THE TASK:
Give the data below again exactly, and drop each picture from it.

STORED DATA:
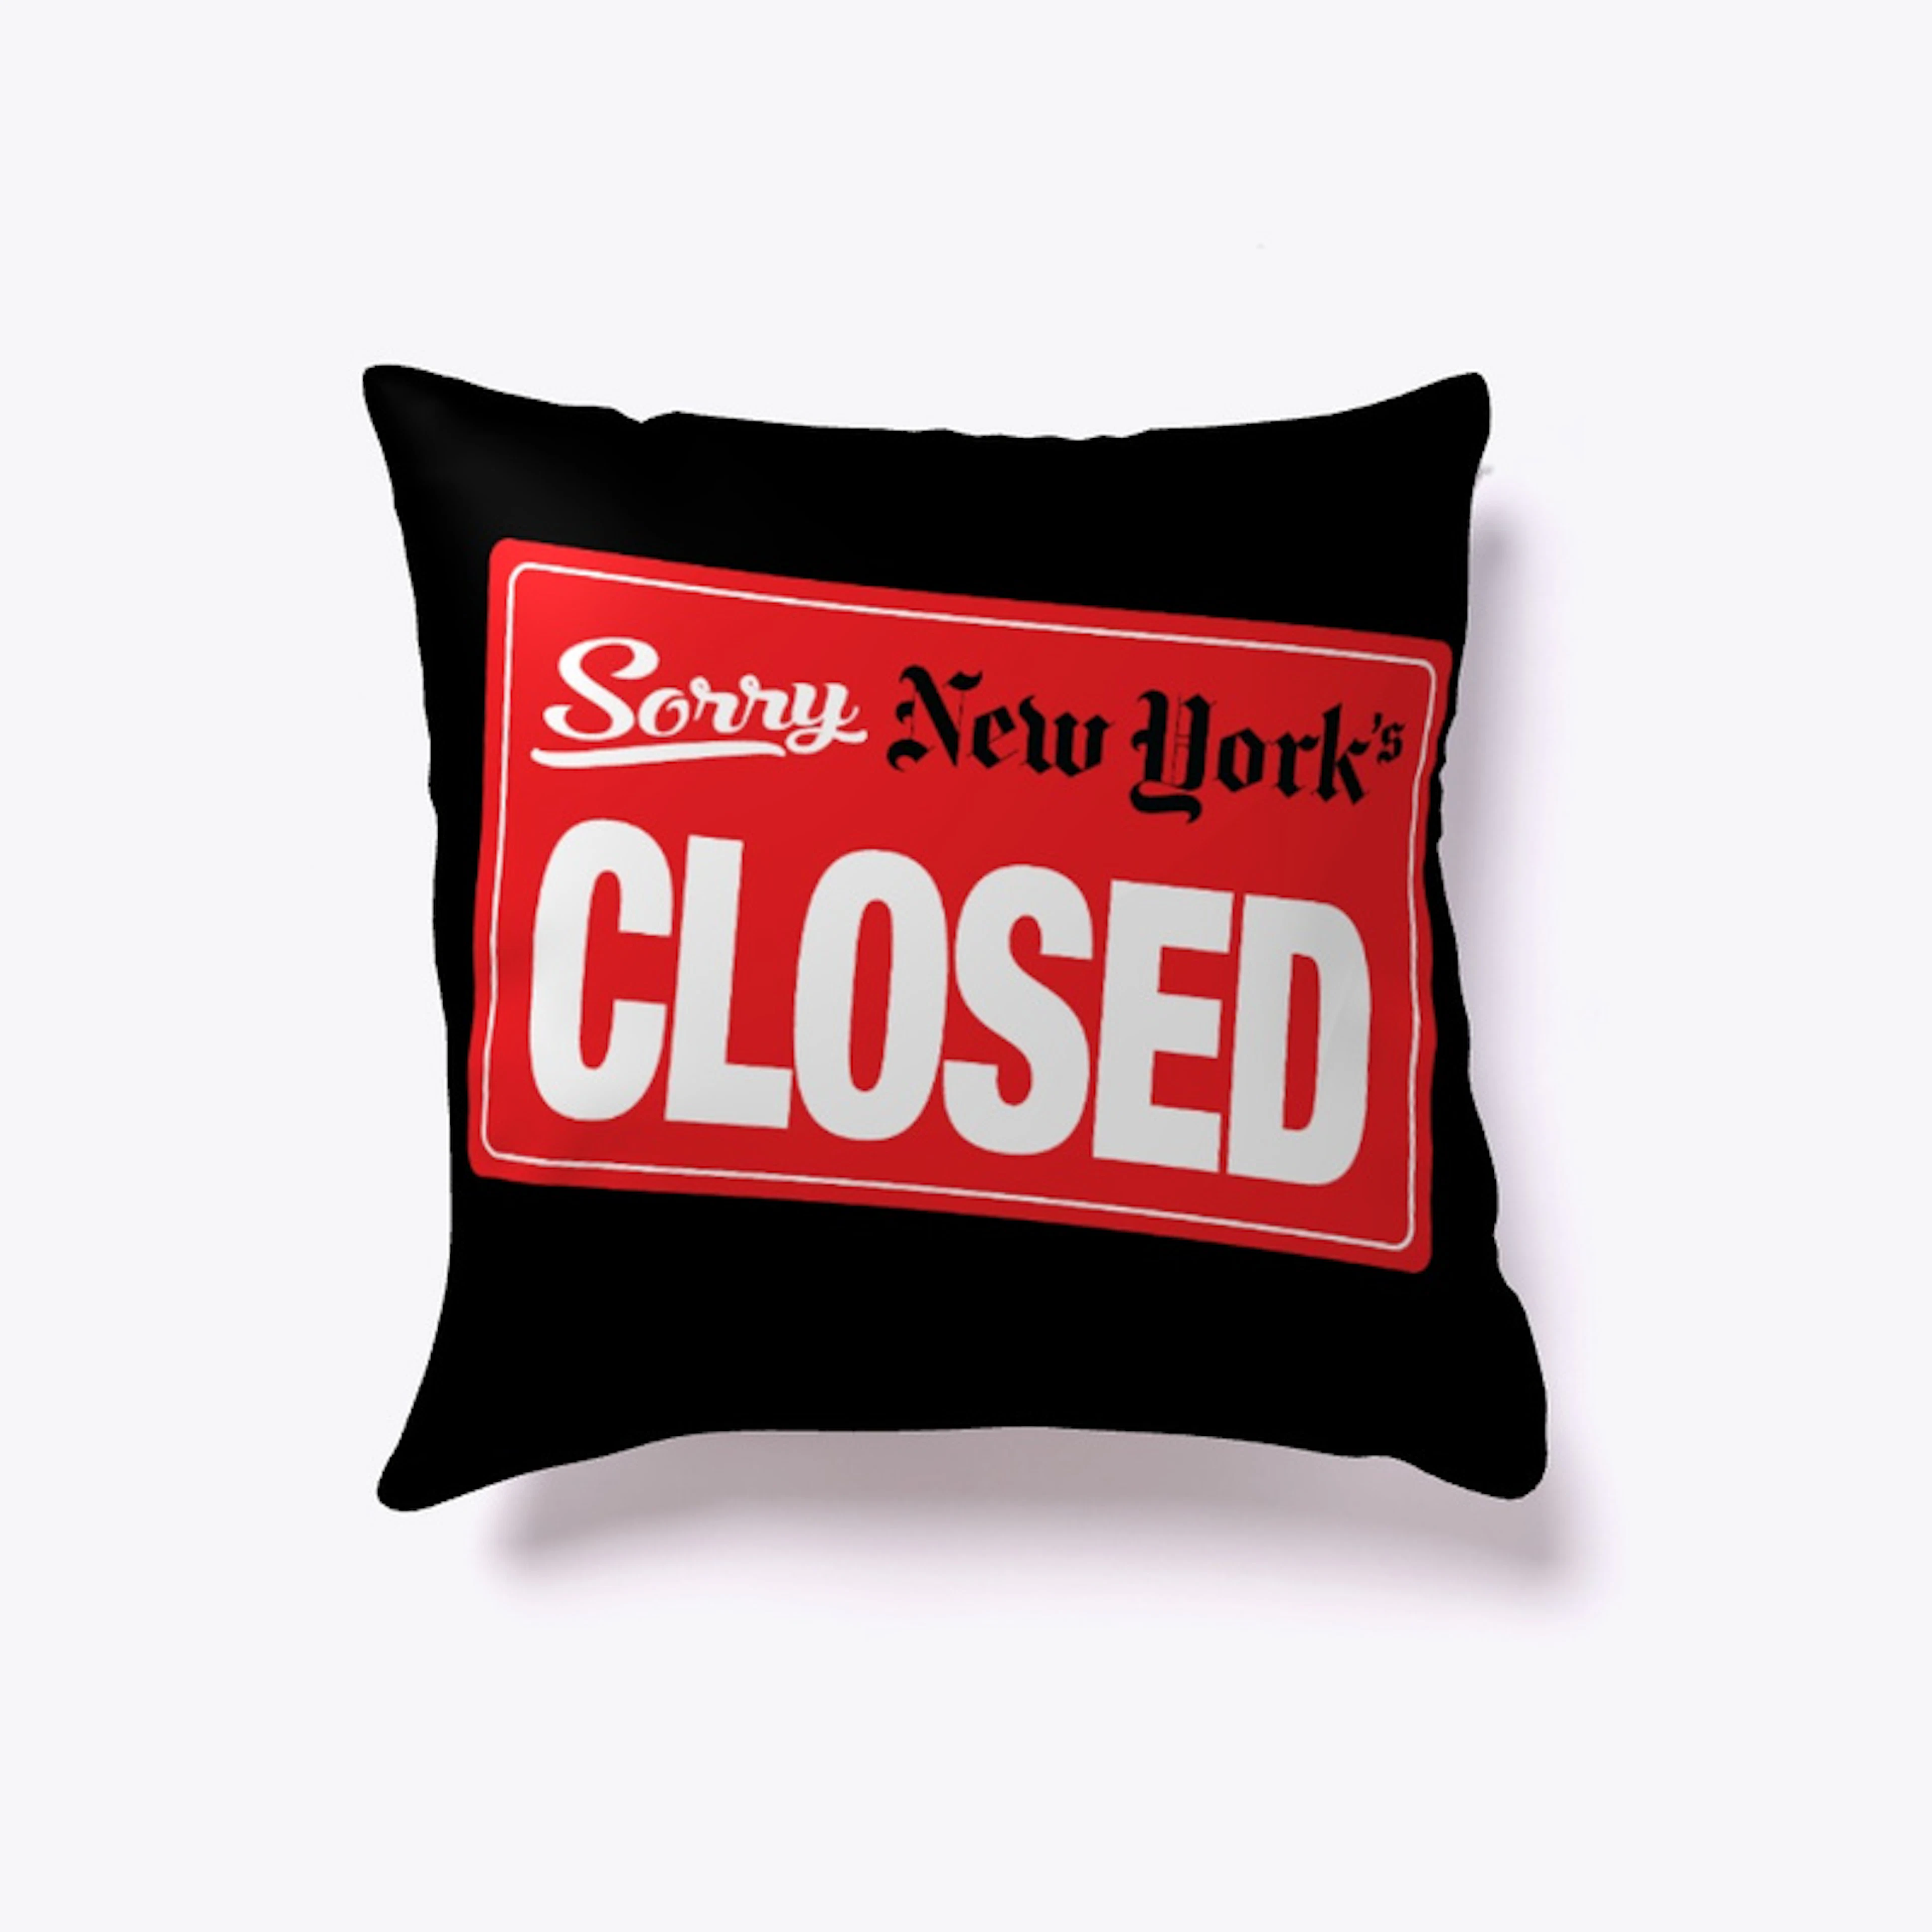 New York's Closed-black
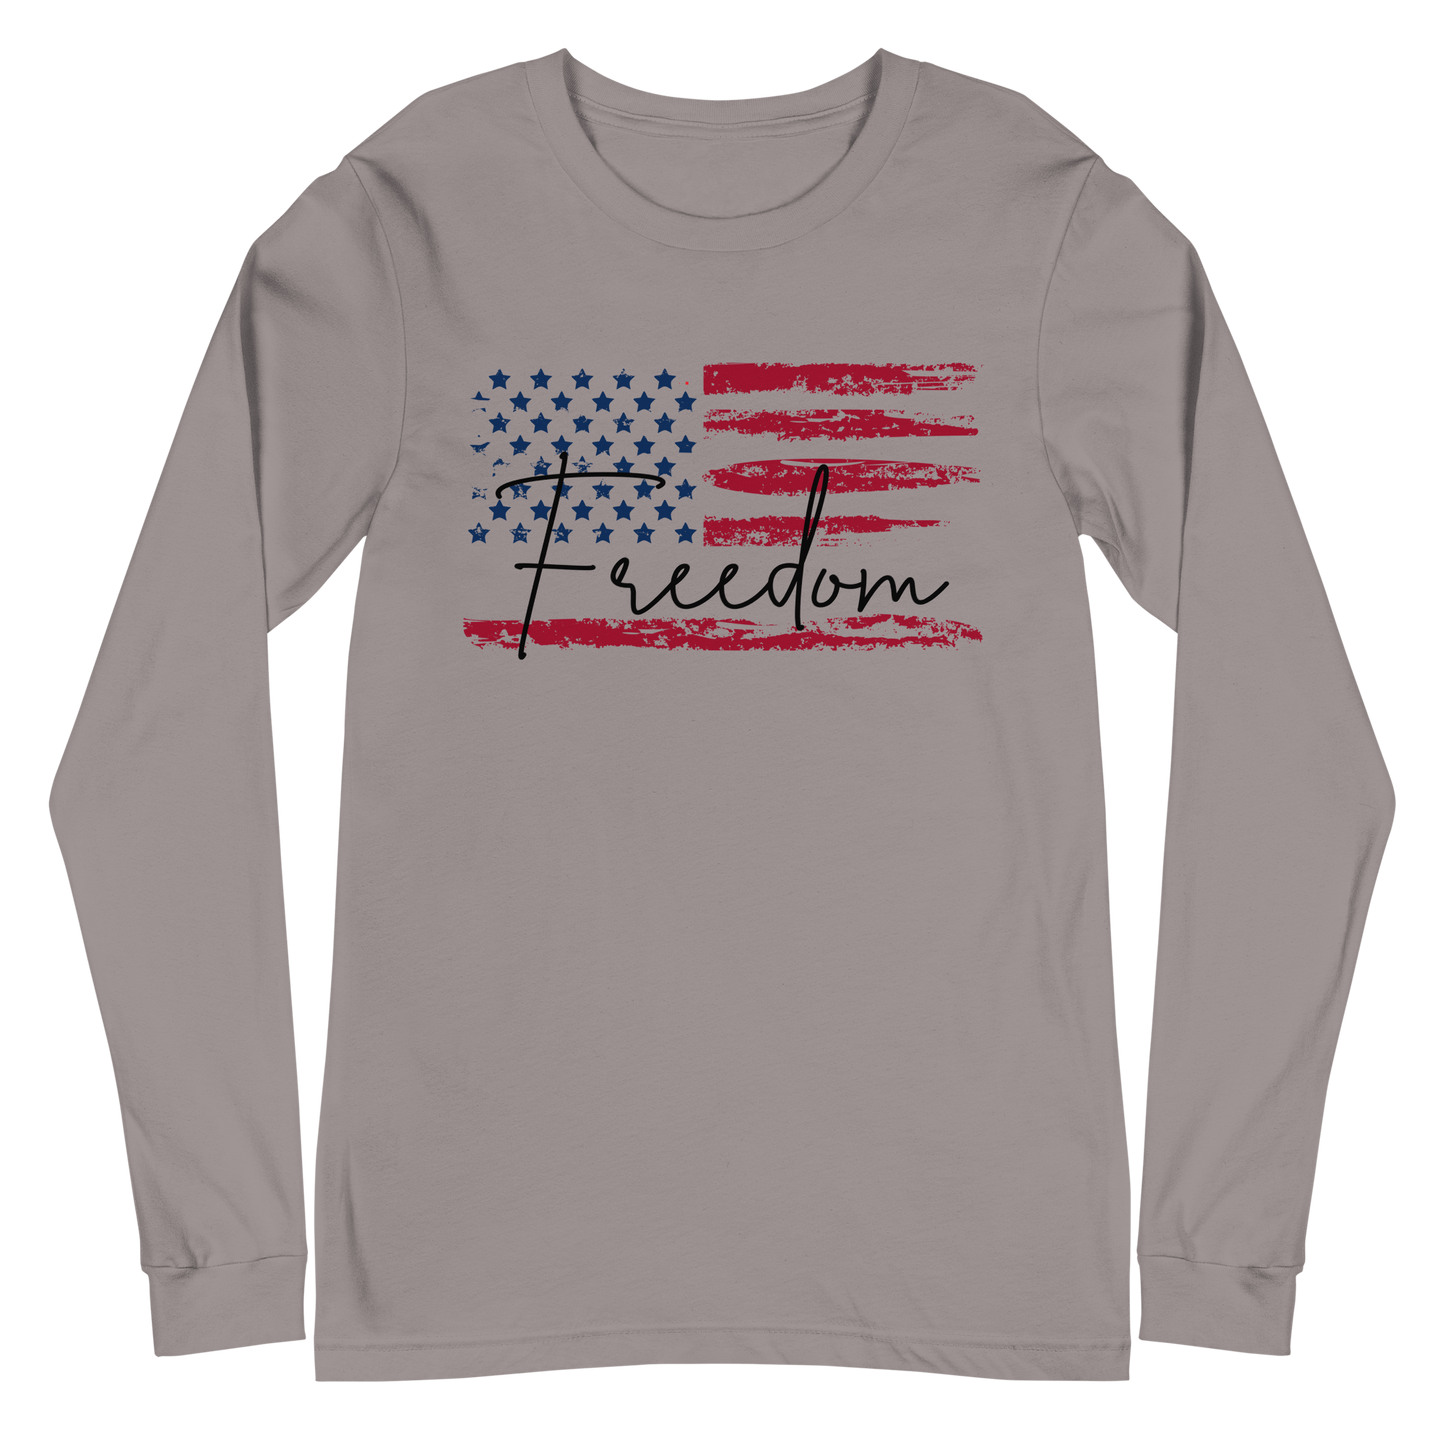 GU 'Freedom' Long Sleeve T-Shirt
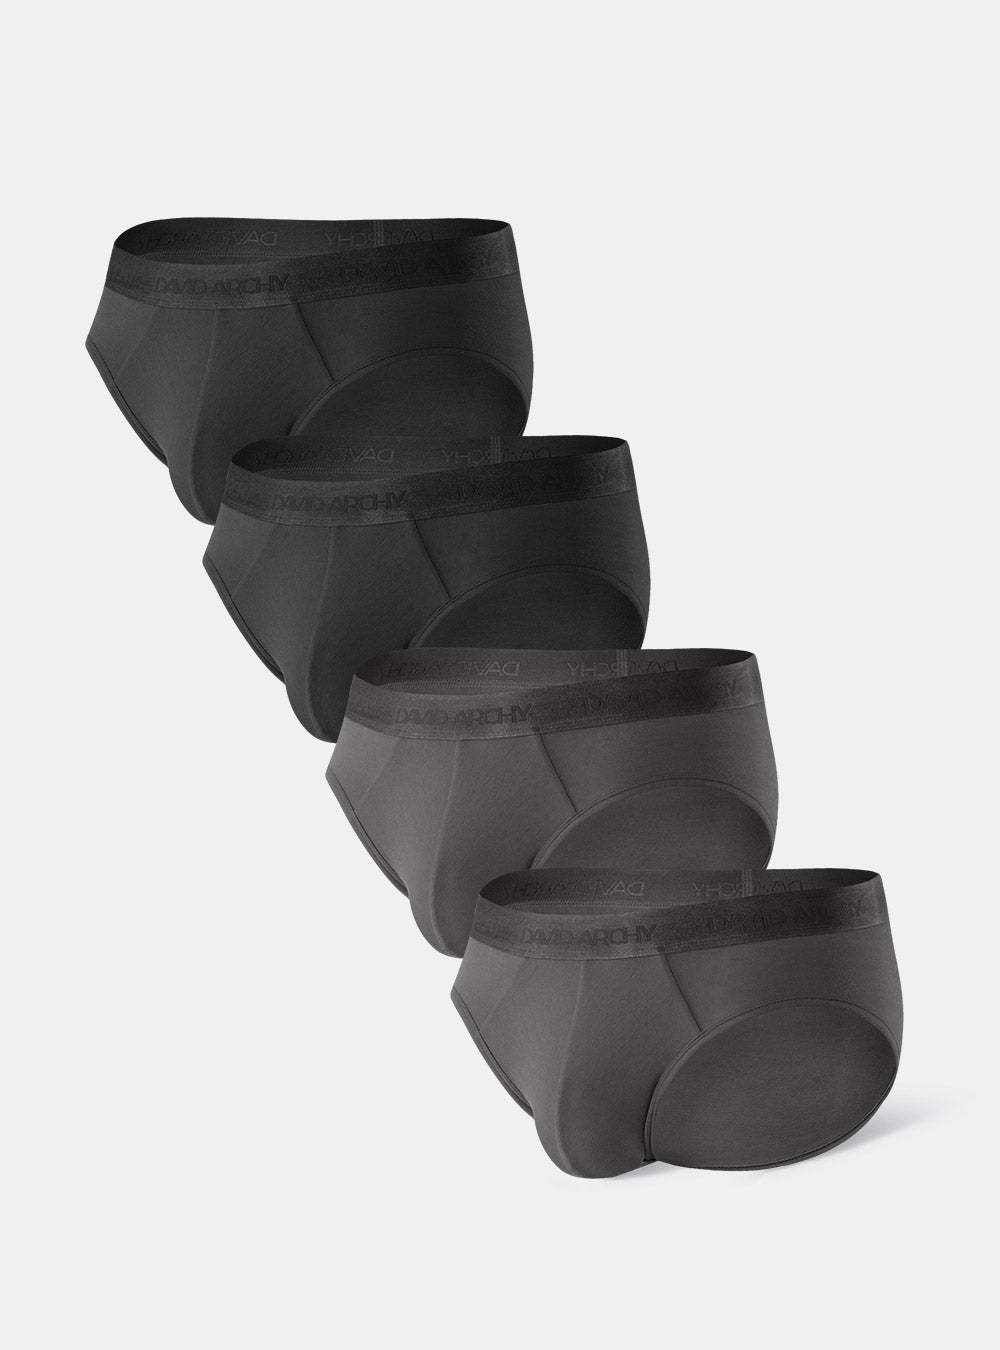 Buy DAVID ARCHY Men's Dual Pouch Underwear Micro Modal Trunks

TASK RESULT:
 New York's Closed-black
 GU 'Freedom' Long Sleeve T-Shirt
 Buy DAVID ARCHY Men's Dual Pouch Underwear Micro Modal Trunks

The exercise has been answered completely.